Bug 30 - Files & Places
Summary: Files & Places
Status: ASSIGNED
Alias: None
Product: Varia
Classification: Unclassified
Component: Flow (show other bugs)
Version: unspecified
Hardware: PC Linux
: P1 normal
Assignee: Werner Van Belle
URL:
Depends on: 49 46 47 48 50
Blocks: 31
  Show dependency tree
 
Reported: 2007-09-23 16:14 CEST by Werner Van Belle
Modified: 2007-09-30 11:17 CEST (History)
0 users

See Also:


Attachments

Note You need to log in before you can comment on or make changes to this bug.
Description Werner Van Belle 2007-09-23 16:14:34 CEST
is necessary before a transition can start working on the data
Comment 1 Werner Van Belle 2007-09-30 10:32:43 CEST
Three options for getting files
- simply copy the named file; then we don't know the content of a place
- execute a script at the place to retrieve/create the dataview on the fly
Putting data:
- add delete, overwrite a file at the destination place.

We need the ability to
- retrieve a named filed
- list the files available
- put a new file at the destination
- add a new file
- delete a file

we can use the filesystem for this, but we need a set of commands to provide all these functions. How can we know that a specific filename doesn't exist yet ?

We cannot write into a file since that does not work in a distributed environment. Opening a file is only possible when we retrieved it first.
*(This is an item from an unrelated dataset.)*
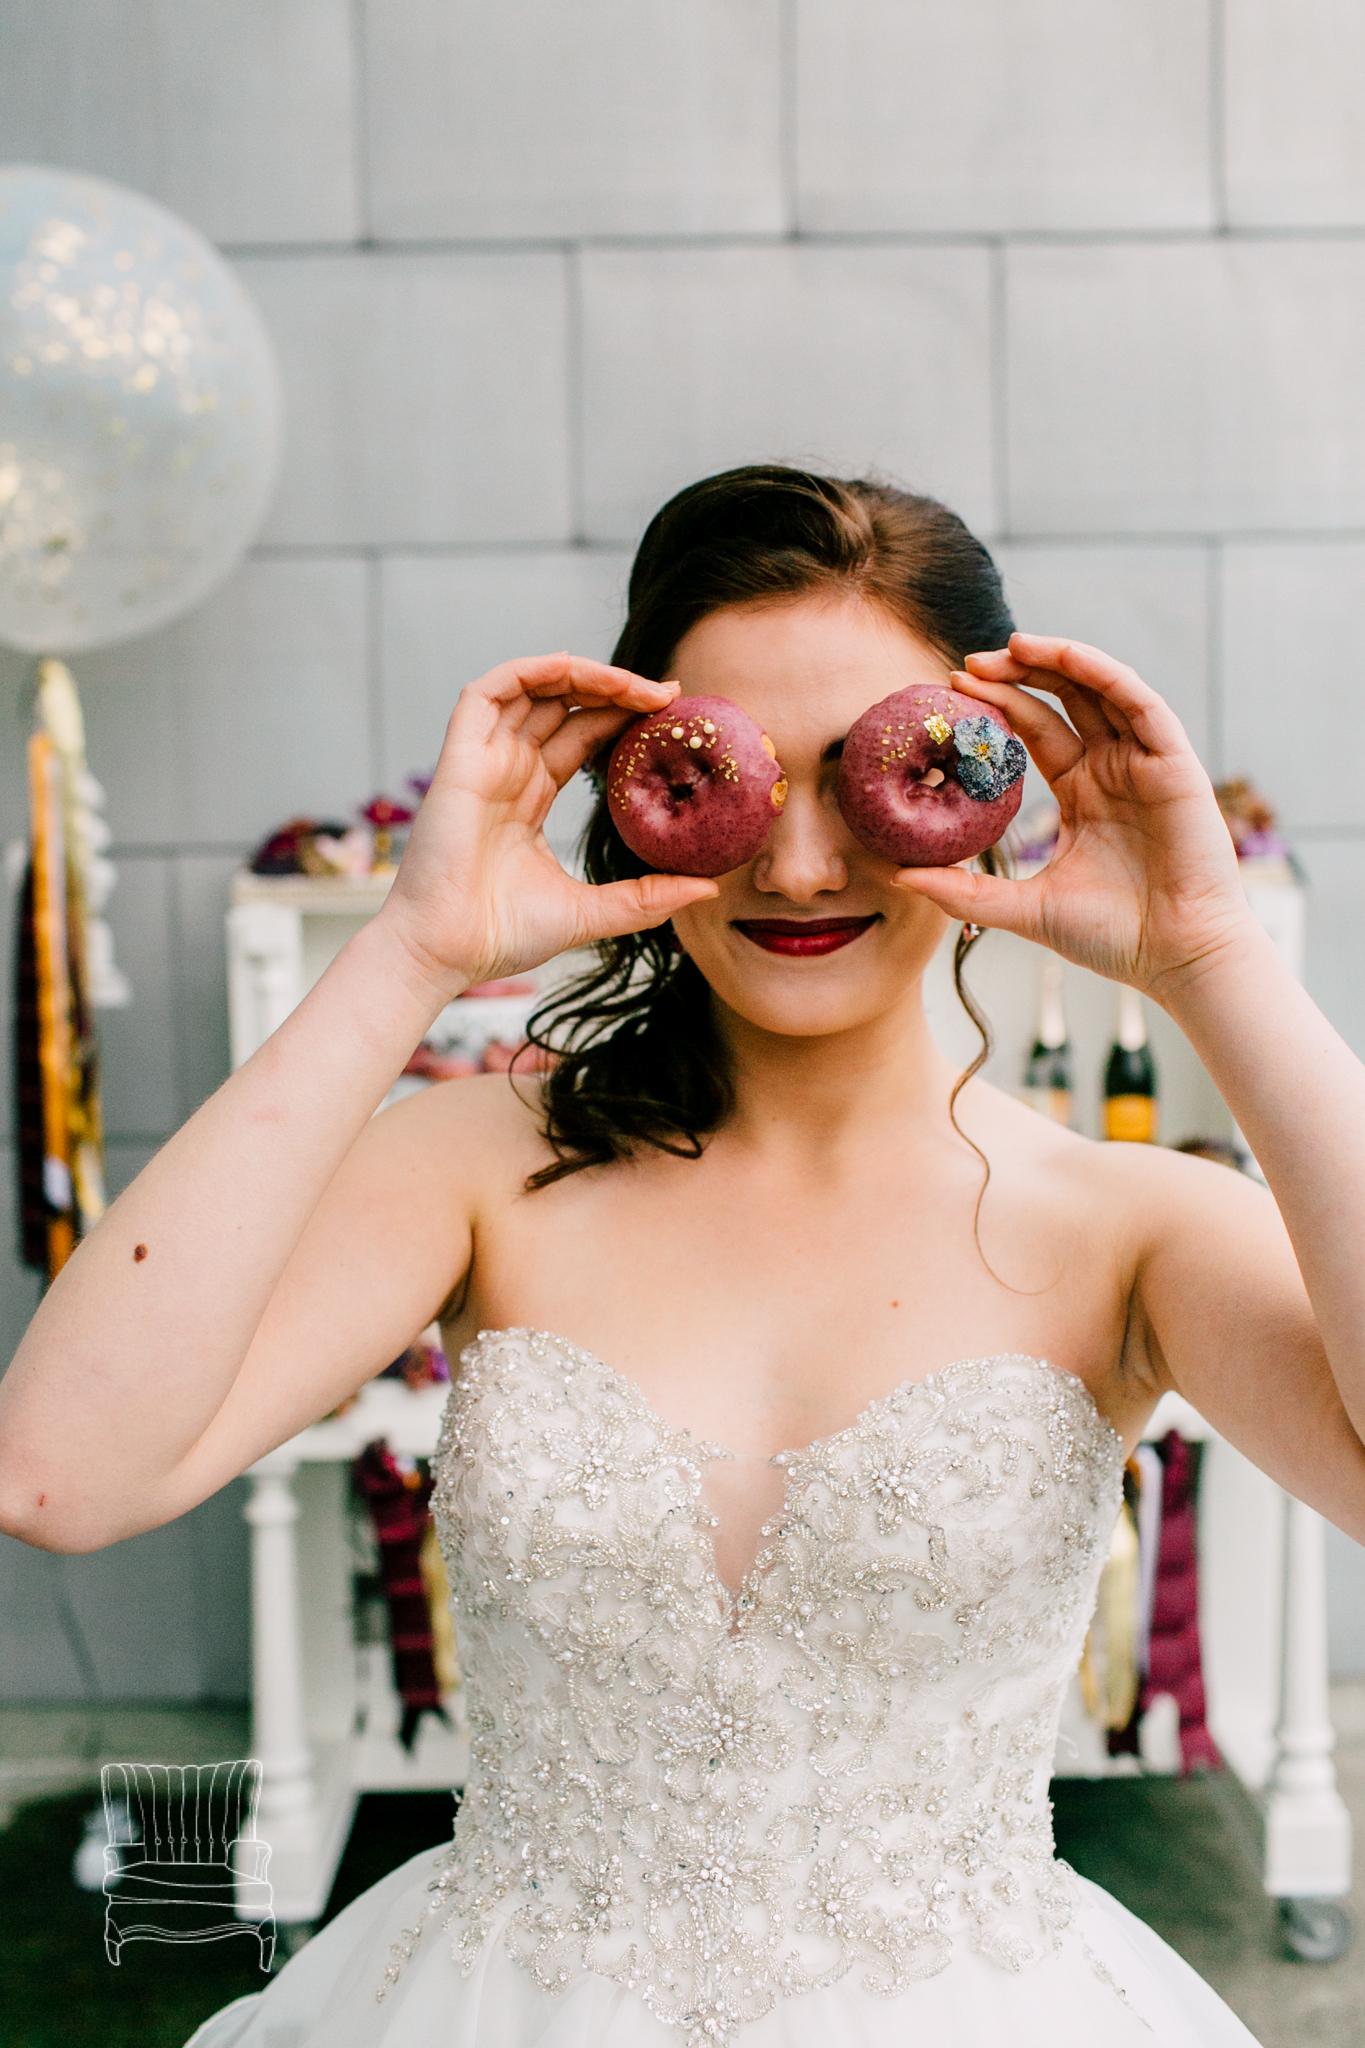 bellwether-hotel-bellingham-wedding-photographer-katheryn-moran-glitz-glam-styled-528.jpg

So we have
Get
Put
Del

We need a method to make sure that incoming files do not collide. This can be done by adding a prefix or postfix to each file. This postfix must be provided as

Get <zone> <target> <files>
Put <zone> <target> <files>
Del <zone> <file>

To obtain the list of files or specific indices we can use
List <zone> 

We already have a command that stores files in a non-duyplicate manner. This is a good thing, because we might be able to store the content of places there automatically. So instead of working with files as such we work with numbered files and these file numbers can be retrieved from a central place. That system is probably more viable. 

a source place basically manages the incoming files from time to time and will list them in specified directories. These can then be used to retrieve a file or store a file. 
Comment 2 Werner Van Belle 2007-09-30 10:59:06 CEST
When we put a file into a place we have the problem that we can no longer uniquely define the file and thus we are not able to detect changes. The best method to solve this problem is to assign a unique number to all files available in the system. When we then put a new file into place, it has its unique number anyway, and thus we can detect change.

The problem with unique file numbers is that they must be global; and garbage collectible. Files we want to keep should have a specific name. We still have the old source of course which can take a file place it in a store somewhere and the either link, copy, or scp the file. If we place it at the target we also imediatelly have its overall identifier. 

A file can 
- be in the system or not (have a unique number associated)
- imported into the system (will receive a unique number)
- retrieved from the system (will create a link on disk to the specified file)

This does not work in a distributed system
- multiple file systems make this difficult
- multiple computers make it difficult to associate each file uniquely with its content

The bottomline is tahta we need the ability to detect changes in a file; this means that they need to have a version number; which again implies that each place is a store that keeps track of its content in a different manner. The store itself can be located anywhere in the hierarchy, 

A- create an import command for each listed file
B- create a place-ls command that will return all the listed files and their unique number
C- create a put command that will add files to places
D- When we update a place we should issue an update command on that new files can be imported. 
E- this requires a priority for each command. Those with higher priority must be executed first. It will of course help to trigger an update on <placezone>/contentchanged instead of on the place itself.